As the magnitude threshold M_R, starting from which the earthquake epicenters are used as objects of FCAZ recognition of strong earthquake-prone areas, was chosen, M_R = 2.5. The combined catalog contains 10,486 crustal events with M ≥ 2.5, which made up the set of recognition objects W.

At the first step of the set W, which is a subset of the set of earthquake epicenters shown in Figure 2, the topological filtering algorithm DPS was applied. Three iterations of the algorithm were performed. The optimal values (q₁ = −2.0, q₂ = −2.5, q₃ = −2.5; β₁ = 0.1, β₂ = 0.1, β₃ = 0.05) of the input parameters of the algorithm were chosen by artificial intelligence blocks [34]. DPS clusters (Figure 3) included 67.2% of the epicenters of earthquakes with M ≥ 2.5 used in the problem as objects of FCAZ recognition. In other words, $\left|DPS\left(W\right)\right|=67.2\%\left|W\right|$.

In the second step, the E²XT algorithm was applied to the recognized DPS clusters. The optimal values (v = −4.0 и w = −2.25; the geographical grid spacing is 0.25°) of its input parameters were also selected automatically using blocks [31]. In Figure 3, a combination of green and red colors shows the result—the strong earthquake-prone areas in the eastern sector of the Russian Arctic, recognized by the FCAZ method.

As can be seen from Figure 3, the recognized FCAZ zones are in good agreement with the location of the epicenters of historical and instrumental earthquakes with M ≥ 5.0 (Table 1). In addition, certain potential high seismicity zones (Figure 3) are well confined to the boundaries of the Eurasian, North American, and Okhotsk tectonic plates. In the zone of contact of all three plates and the Okhotsk Plate with the North American Plate (Figure 3), the FCAZ system recognized very large FCAZ zones containing half of the known strong earthquakes (Table 1). This is especially true for the northeastward elongated margin of the Okhotsk Plate, where more than a third of the known events with M ≥ 6.0 occurred. Furthermore, FCAZ zones are recognized within the Cherskiy Range, which is one of the main geomorphological structures (Figure 1) of the region. Within this range, a fairly large number of instrumentally registered strong earthquakes are known (Figure 3). The consistency of FCAZ zones with the boundaries of tectonic plates is a significant argument in favor of the reliability of the recognition [9,54].

Out of 130 events with M ≥ 5.0, only 19 (14.6%) epicenters are located outside the FCAZ zones. Note that 14 of them occurred before 1962, i.e., long before the start of systematic instrumental observations of the seismicity of the region. Their epicenters and magnitudes were determined with a significant error [15]. Thus, for six events with M = 5.0–5.2, the magnitude error is ±0.5–0.7, and for eight events, the epicenter coordinates are determined with an error of ±1–2° [15]. At the same time, exactly half of the latter is located at the very border of the recognized FCAZ zones. Thus, with a high probability, some of the earthquakes that make up “missed target” errors may not be such.

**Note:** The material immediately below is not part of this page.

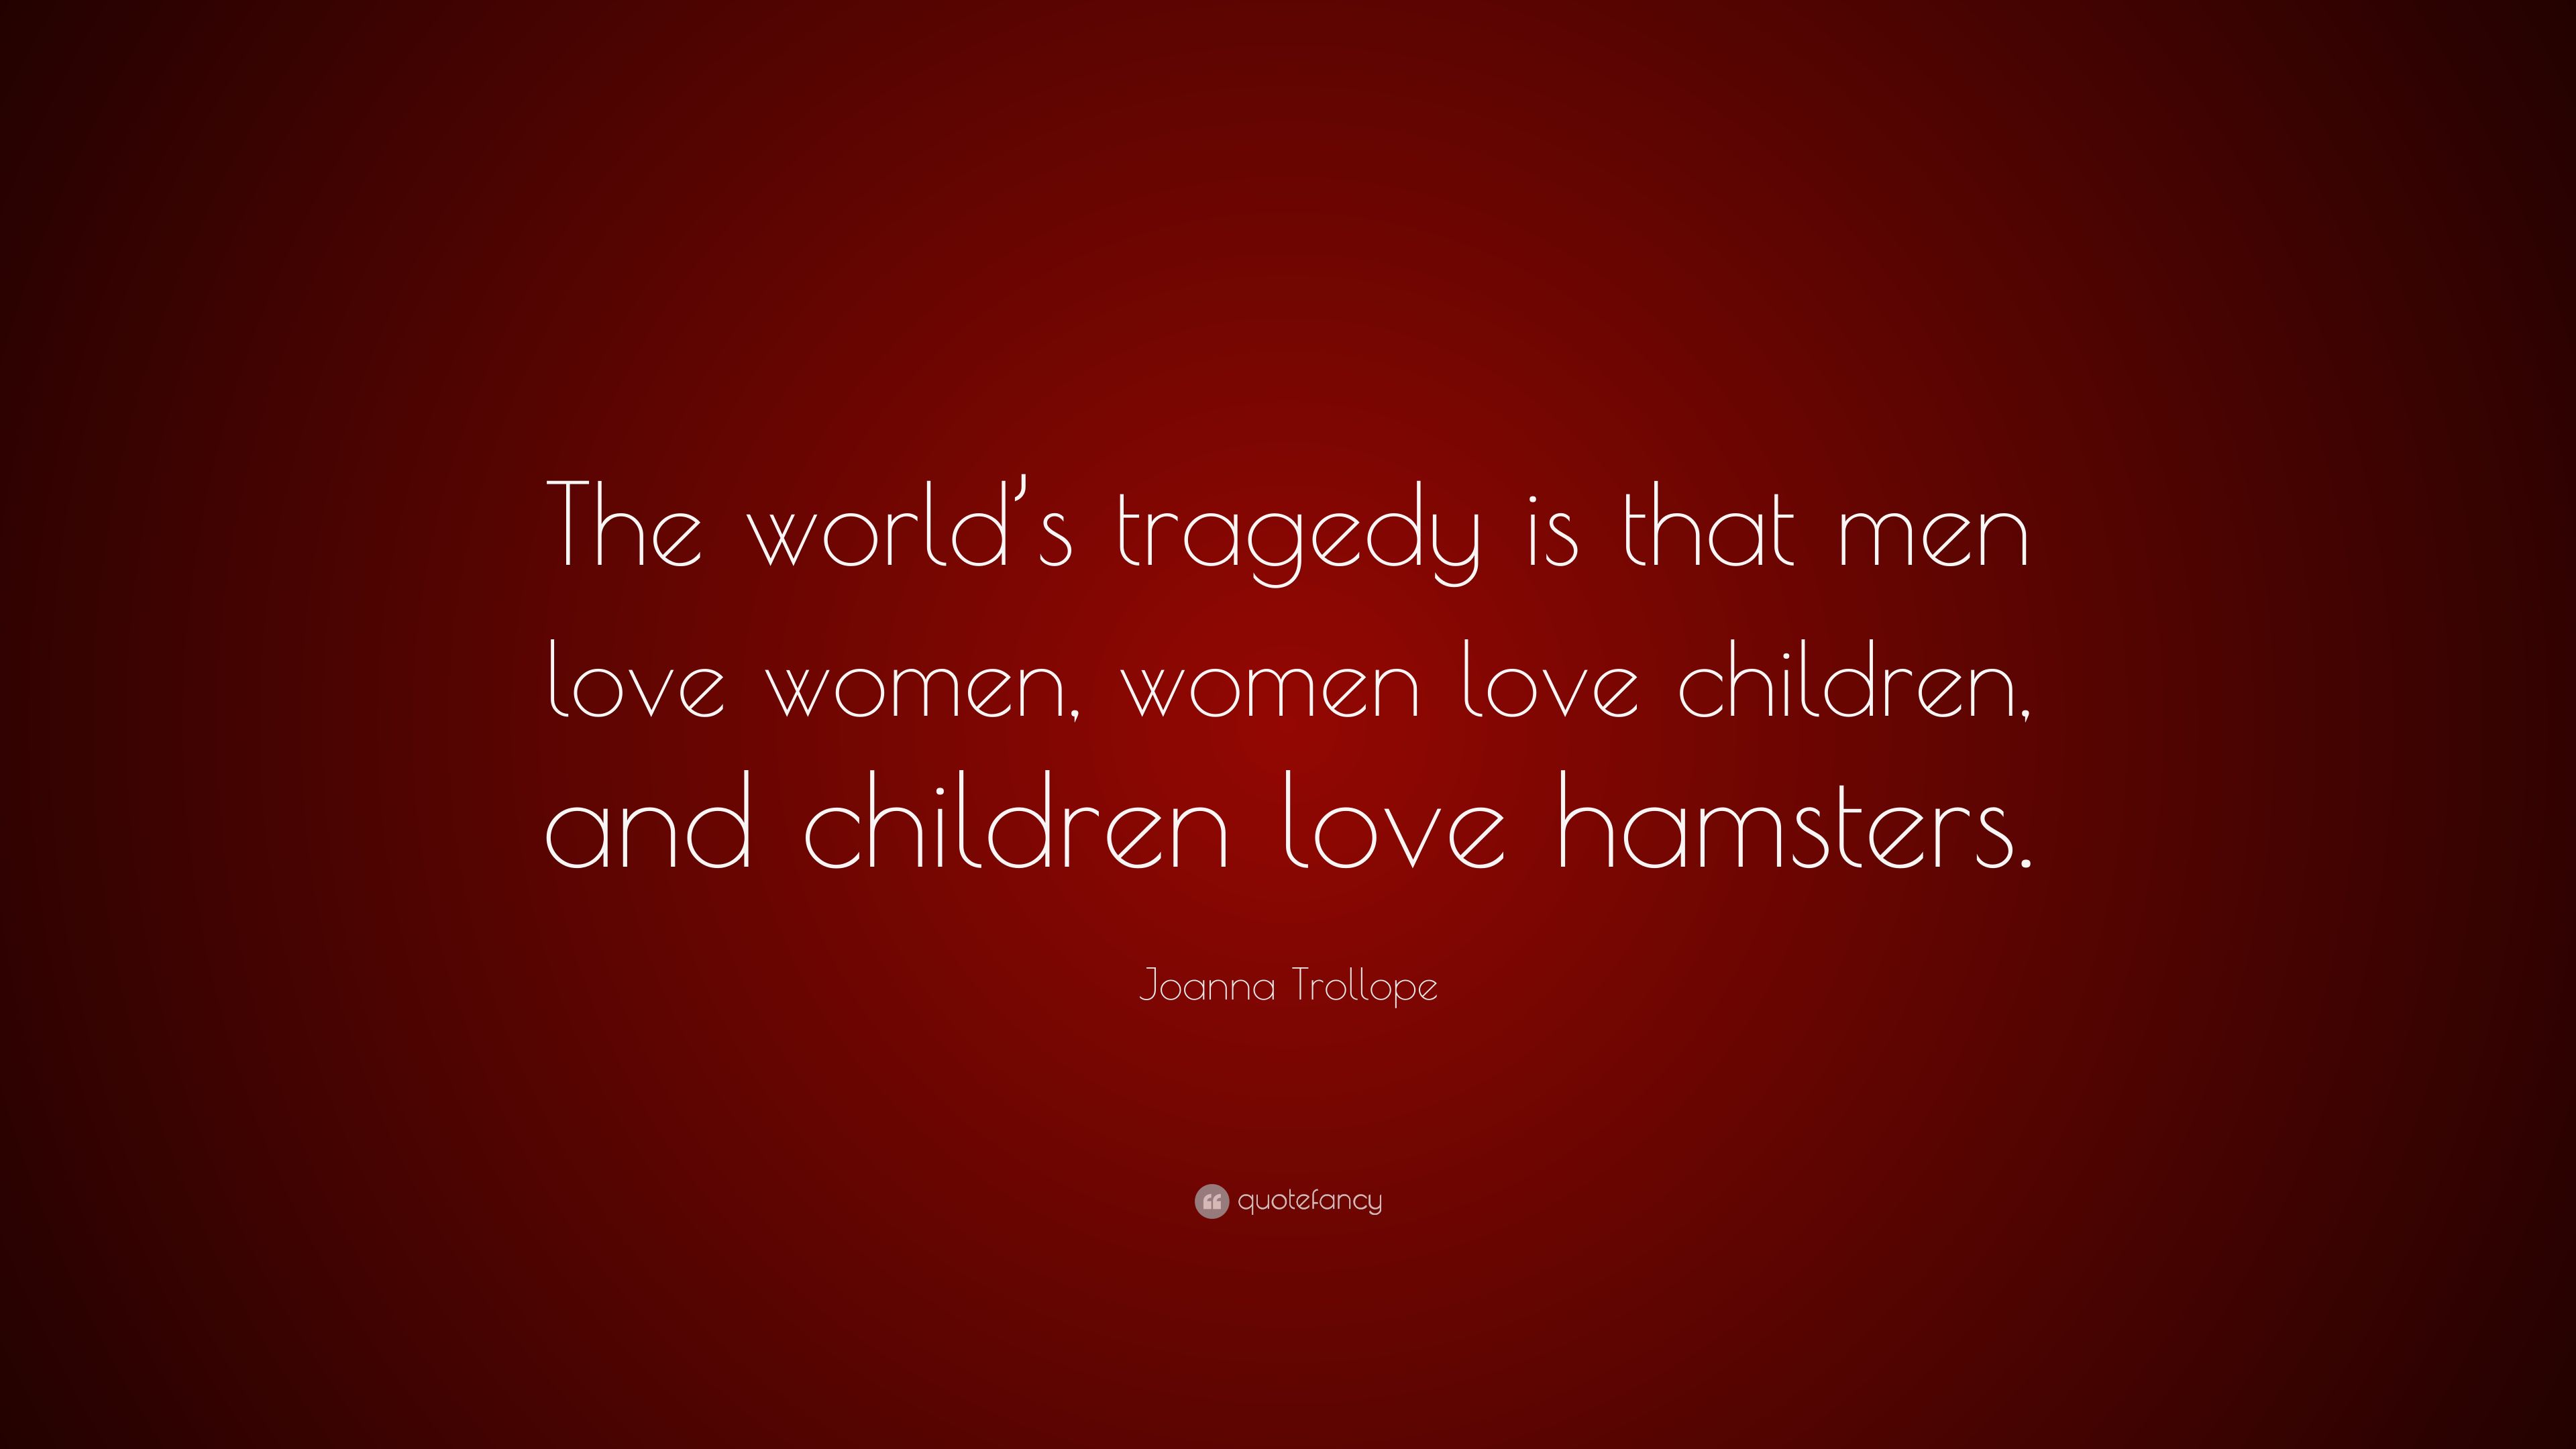 Joanna Trollope Quote: “The world's tragedy is that men love women

Let us now consider the epicenters of stronger earthquakes. Out of 54 considered events with M ≥ 5.5 8 epicenters (14.8%) are located outside the zones recognized by the FCAZ method. All such events occurred before 1957, i.e., before the beginning of the instrumental earthquake catalog, and therefore, belong to the historical part of the used catalog of strong earthquakes (Table 1). The coordinates of their epicenters were determined with an error from 0.5° to 2°. At the same time, half of the events have magnitudes M = 5.5–5.8, estimated with an error of ±0.3–0.5. Thus, it is very likely that some events that did not fall into the FCAZ zones may not be missed targets of recognition.

Let us consider the case where M₀ = 6.0. In turn, four (14.8%) out of 27 events with M ≥ 6.0 are errors of the “missed target” type. Here, all missed earthquakes occurred before 1930. The coordinates of their epicenters were determined with an error of ±0.5°–1°, and the magnitudes—±0.5. The latter is also confirmed by the work [55], where for these events the estimates of magnitudes are given that are 0.2–0.4 less than in [15] (Table 1). It should also be noted that three of the four missed epicenters are located within a fairly small area (the maximum distance between the epicenters is ≈80 km). These events have the same magnitude estimates and occurred within three and a half months (the first two with a difference of less than five hours). These three events should likely be considered as one missed target of recognition. Thus, interpreting the result (Figure 3) for earthquakes with M ≥ 6.0, we can speak of only two (8.0%) misses.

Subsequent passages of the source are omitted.